Thankfully, given my position on the ship, I got my own room. Most of Bay 13 slept in a long hallway lined with bunk beds. The different wings treated the sleeping arrangements in various ways—or so I’d heard. Most of us didn’t have access to other parts of the ship. Bay 13 was organized by department. Even in the cafeteria, most people kept to their co-workers. When we first anchored, I’d spent a lot of time alone, but eventually the isolation got to be just as bad as the cafeteria.

On the day that the botanists approached me, there’d been three breakdowns in the cafeteria. The remedy was straightforward—sedation—and I was one of two people in Bay 13 who had access to the sedatives. There were only two psychologists on the ship, and my partner had spent the past week in deep meditation, rarely leaving his room. We didn’t talk much to begin with. I hadn’t seen him in days.

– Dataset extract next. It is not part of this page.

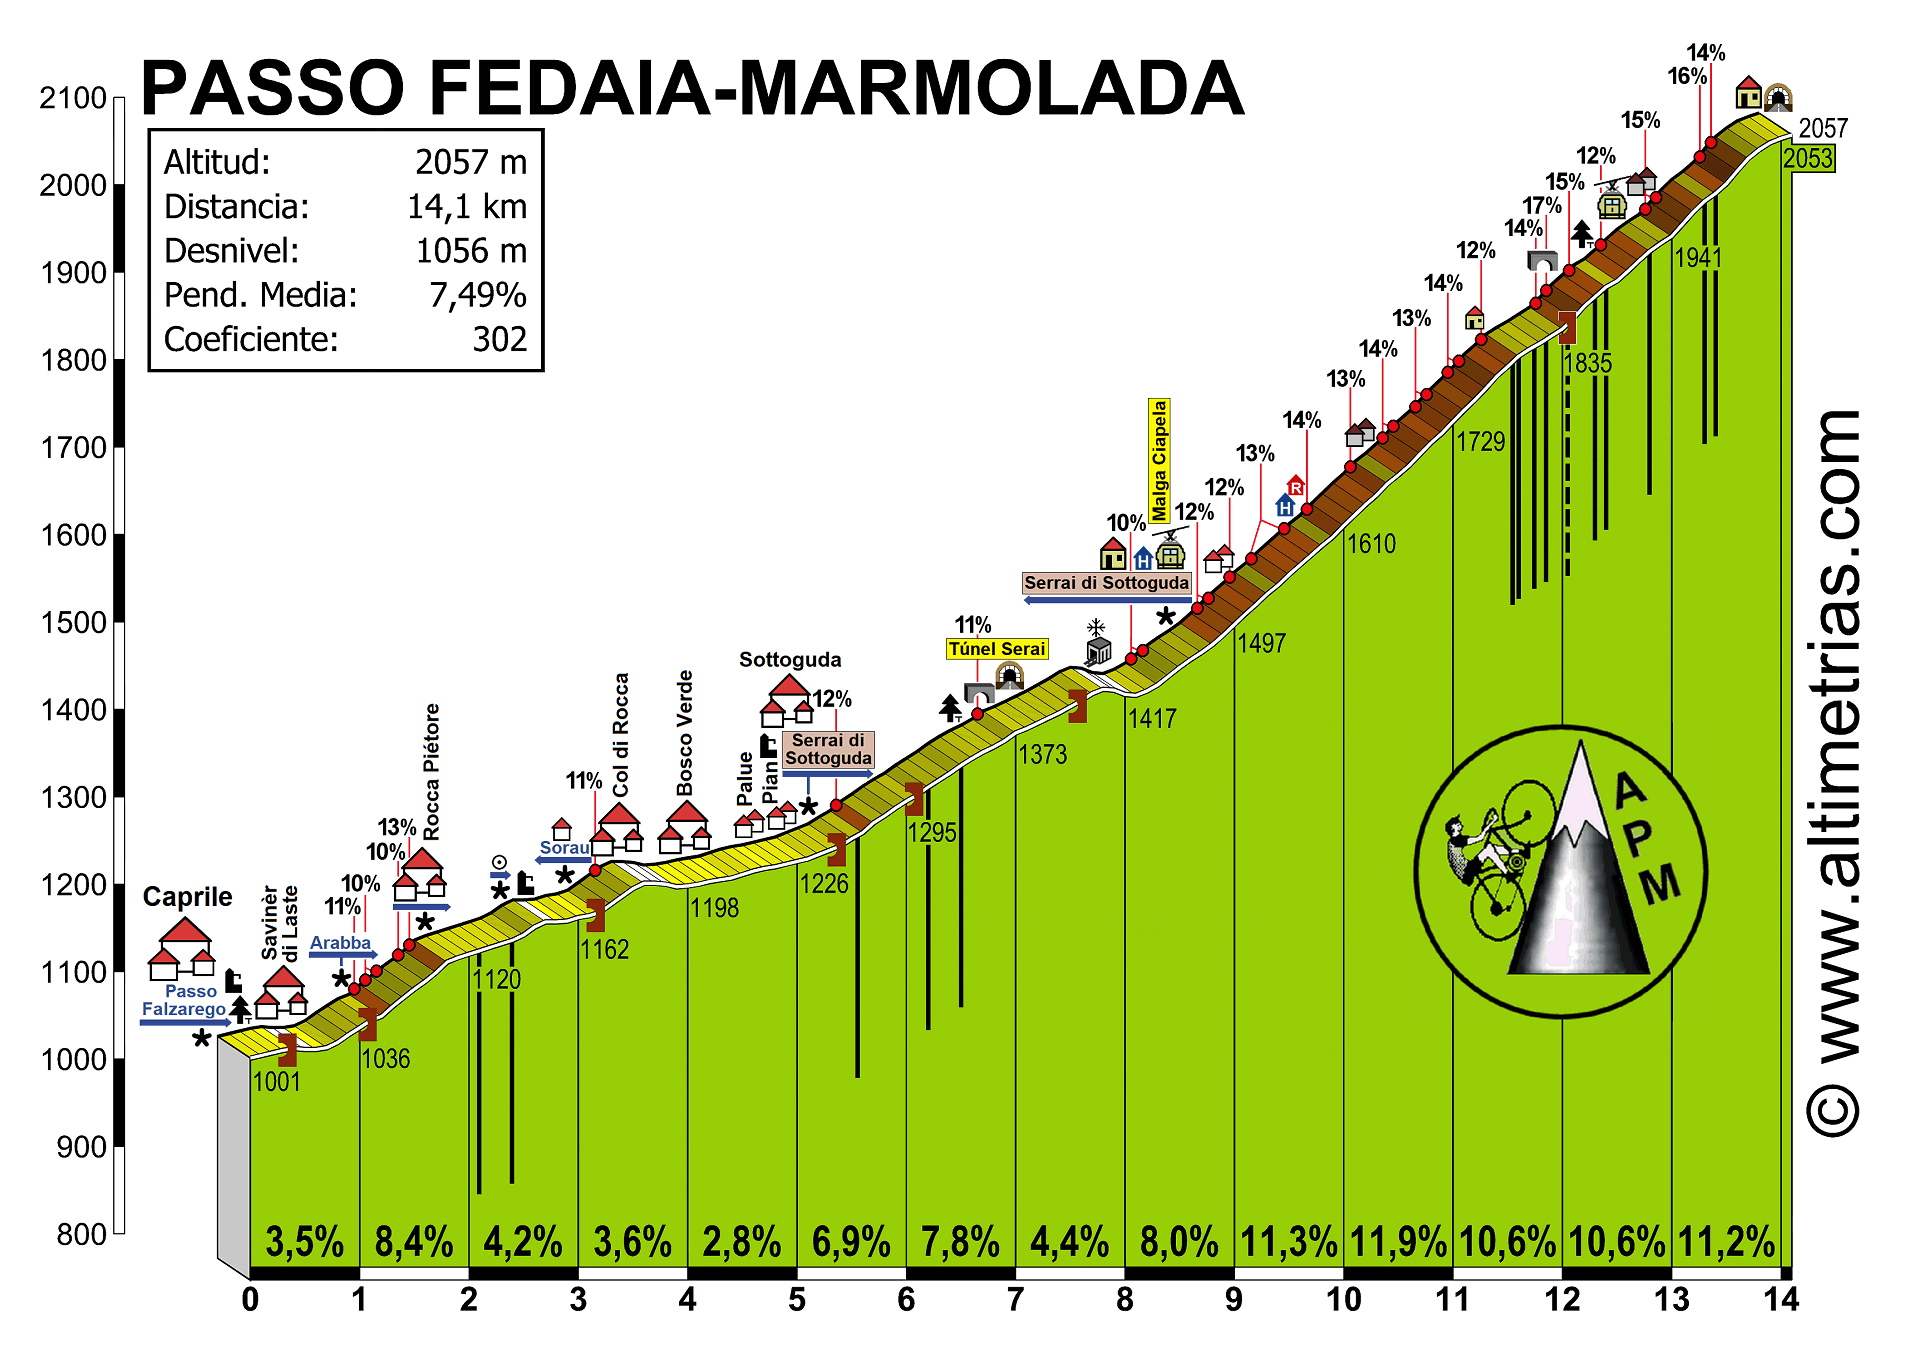 Passo Fedaia - Marmolada

I was explicitly instructed not to tell anyone about my lack of credentials. On Earth, I was not a doctor. I hadn’t even finished high school. The placement tests had noted that I had an uncanny aptitude for the ship psychologist position, and the higher-ups never questioned the computer. So, I became a doctor, one eternally suspicious that my partner might similarly lack the proper credentials.

The botanists were one of the more antisocial groups. The two who approached my table traded glances back and forth until the tall, spindly one started to talk.

“Charleston’s been missing. We think he’s in the Recreation Room.”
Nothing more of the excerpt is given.